I would add that roughly half of the total 24 hour insulin secretion on a "standard" diet is basal secretion.


Insulin Singularly Induces Fat Accumulation

Insulin is key regulator in the Fatty Acid/Triglyceride cycle, but when you think about it, aside from moving glucose into the fat cells, it is not heavily involved in policing the entry door. This appears to be ASP which itself can stimulate glucose uptake. Insulin does have an indirect role in this as it has been shown to increase ASP activity approximately 2-fold, but this is a much lower response than to chylomicrons (dietary fat). Fat accumulation (net flow in) occurs each and every time fat is ingested. Whether or not it stays accumulated depends on energy requirements. Eat too much, gain fat mass. Simple. Taubes acknowledges the continual nature of the FFA/trig cycle then goes on to make absolute statements of how the fat is "trapped" in the fat cells. How can as much as 60% of mobilized fat get re-esterified to triglycerides in a continuous cycle be explained?? If you eat too much fat it will stay in the fat cells, and if it is mobilized, elevated NEFA/FFA are NOT a good thing!

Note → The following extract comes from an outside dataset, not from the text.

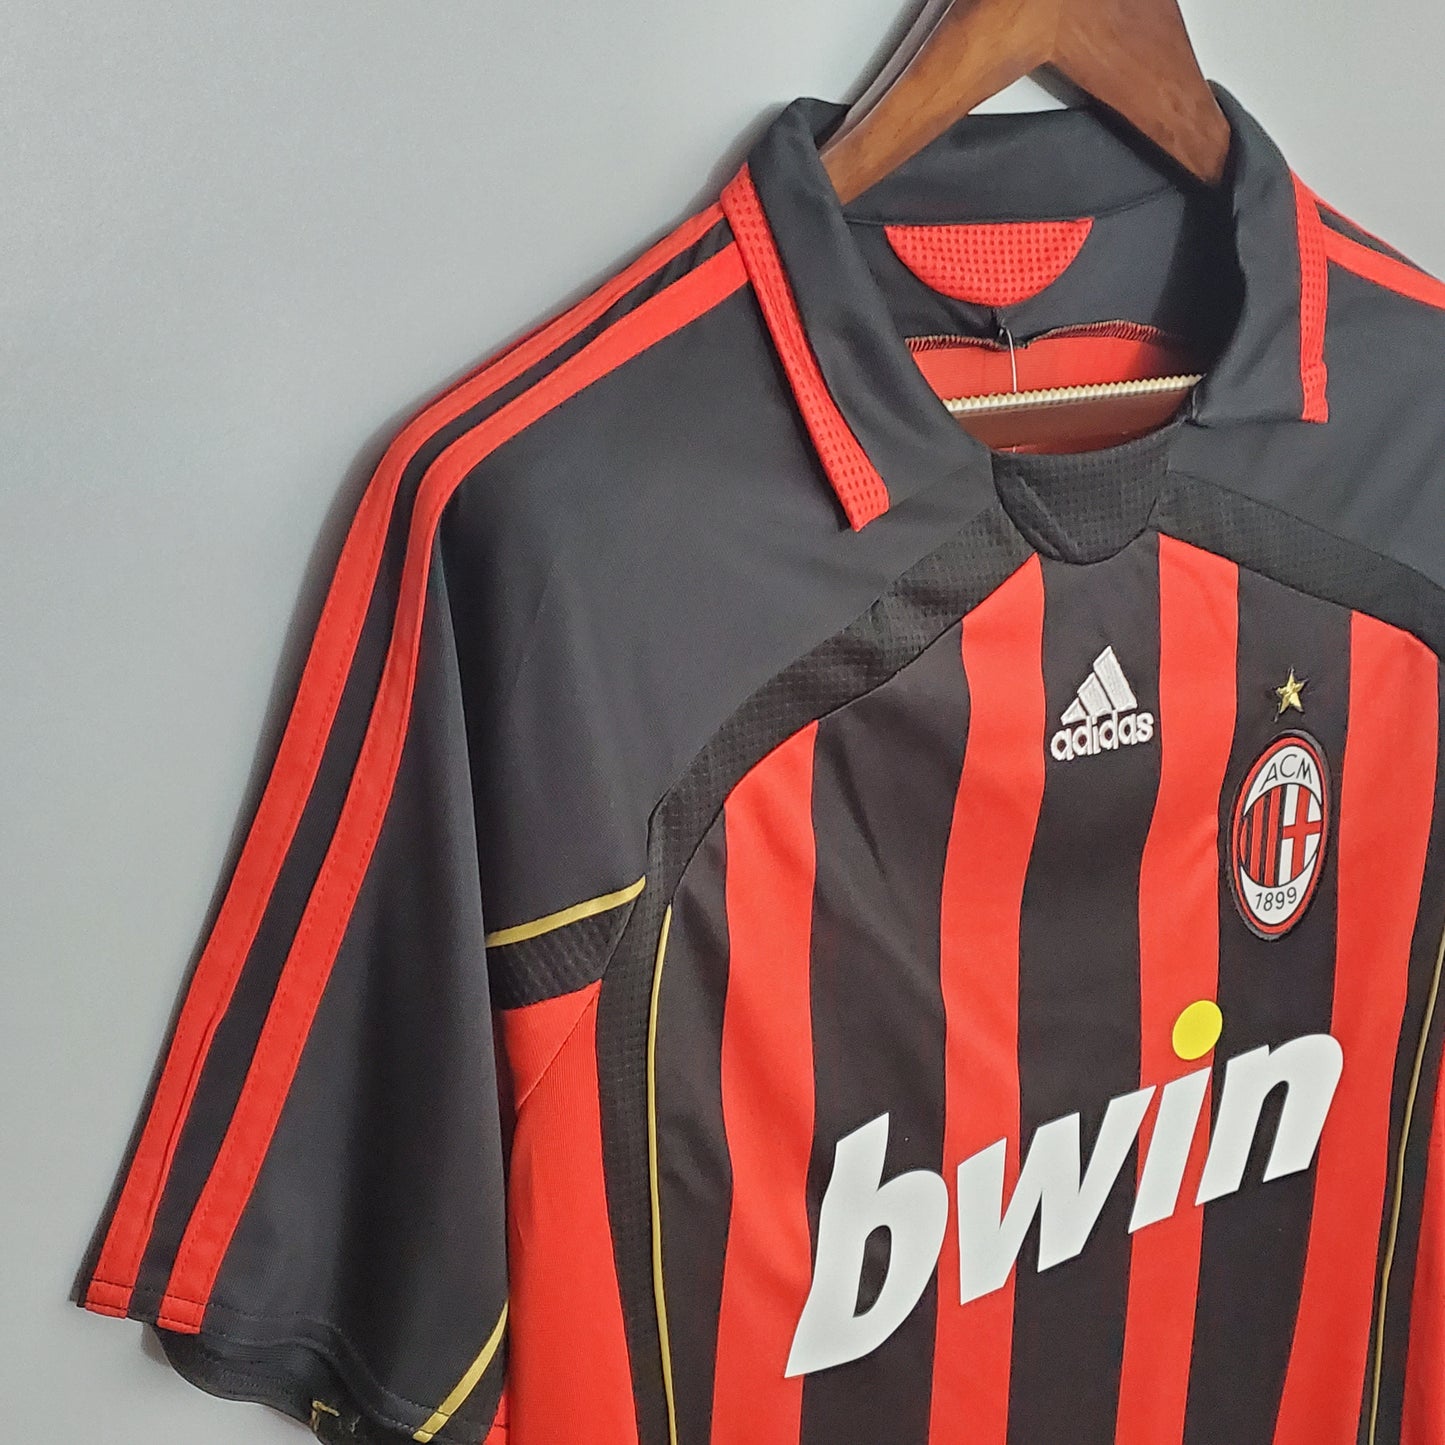 AC Milan 2006/07 Home Jersey

As it appears my stalkers have initiated a disinformation campaign regarding this topic, I will be setting the scientific record straight when time permits later this month.  In GCBC, Taubes writes:
With the invention by Rosalyn Yalow and Solomon Berson of their radioimmunoassay to measure insulin levels, it quickly became clear that insulin was what Yalow and Berson called “the principal regulator of fat metabolism.” Insulin stimulates the transport of glucose into the fat cells, thereby effectively controlling the production of glycerol phosphate, the fixing of free fatty acids as triglycerides, and all that follows. The one fundamental requirement to increase the flow of fatty acids out of adipose tissue— to increase lipolysis— and so decrease the amount of fat in our fat tissue, is to lower the concentration of insulin in the bloodstream. In other words, the release of fatty acids from the fat cells and their diffusion into the circulation require “only the negative stimulus of insulin deficiency,” as Yalow and Berson wrote. By the same token, the one necessary requirement to shut down the release of fat from the fat cells and increase fat accumulation is the presence of insulin. When insulin is secreted, or the level of insulin in the circulation is abnormally elevated, fat accumulates in the fat tissue. When insulin levels are low, fat escapes from the fat tissue, and the fat deposits shrink. (Kindle Locations 7916-7925)
Right after this Taubes presents the 1965 understanding of adipocyte hormonal control.  In a table he lists 8 hormones that work to get fatty acids out of adipocytes.  What of these?  I realize that acylating stimulating protein, ASP, was not yet known in 1965, but it had been studied quite a bit by the time of GCBC.  I addressed this more specifically beginning in September of 2011 with The Full Physiological Regulation of Fat Tissue ~ Part I of ?  That post contains excerpts from Keith Frayn's Metabolic Regulation, 3rd Ed 2010, the most important of which is:
The complement story is interesting. Some years ago adipocytes were found to express in large quantities a protein that was called (for want of a better name) adipsin. Later, adipsin was found to be identical to factor D, a component of the so-called alternative complement pathway. Now we know that adipocytes produce several factors involved in this pathway and that these may interact, somewhere outside the fat cell, to produce a fragment known as acylation stimulating protein (ASP).  ASP is a potent stimulator of fatty acid esterification in adipocytes.  Thus, adipocytes seem to act locally to regulate their own fat storage.  (Kindle Locations 3437-3441)
The role of ASP and how it works is discussed in several posts here on my blog, but I'll direct you towards two important ones:  Fat Tissue Regulation: Part IV ~ How Acylation Stimulating Protein Works and Fat Accumulation: Taubes v. Frayn ~ ASP in vivo in humans.   The first link demonstrates how ASP directly stimulates the enzyme that goes by the acronym DAGAT, a key enzyme in the esterification (creation of triglycerides from fatty acids) process.  In doing so, ASP enhances FA uptake into adipocytes directly.  The second link was done in living breathing humans and clearly demonstrated that ASP is the primary hormone involved in the uptake of chylomicron (dietary) triglycerides/fatty acids.  The same study discussed there also demonstrated that insulin's most prominent effect was to reduce circulating NEFA by suppressing lipolysis.  Insulin also seems to stimulate RE-esterification within the adipocyte but I have yet to find confirmation that it does this like ASP by upregulating DAGAT or other enzyme specifically.  Please, if you know of this evidence I would be interested in this!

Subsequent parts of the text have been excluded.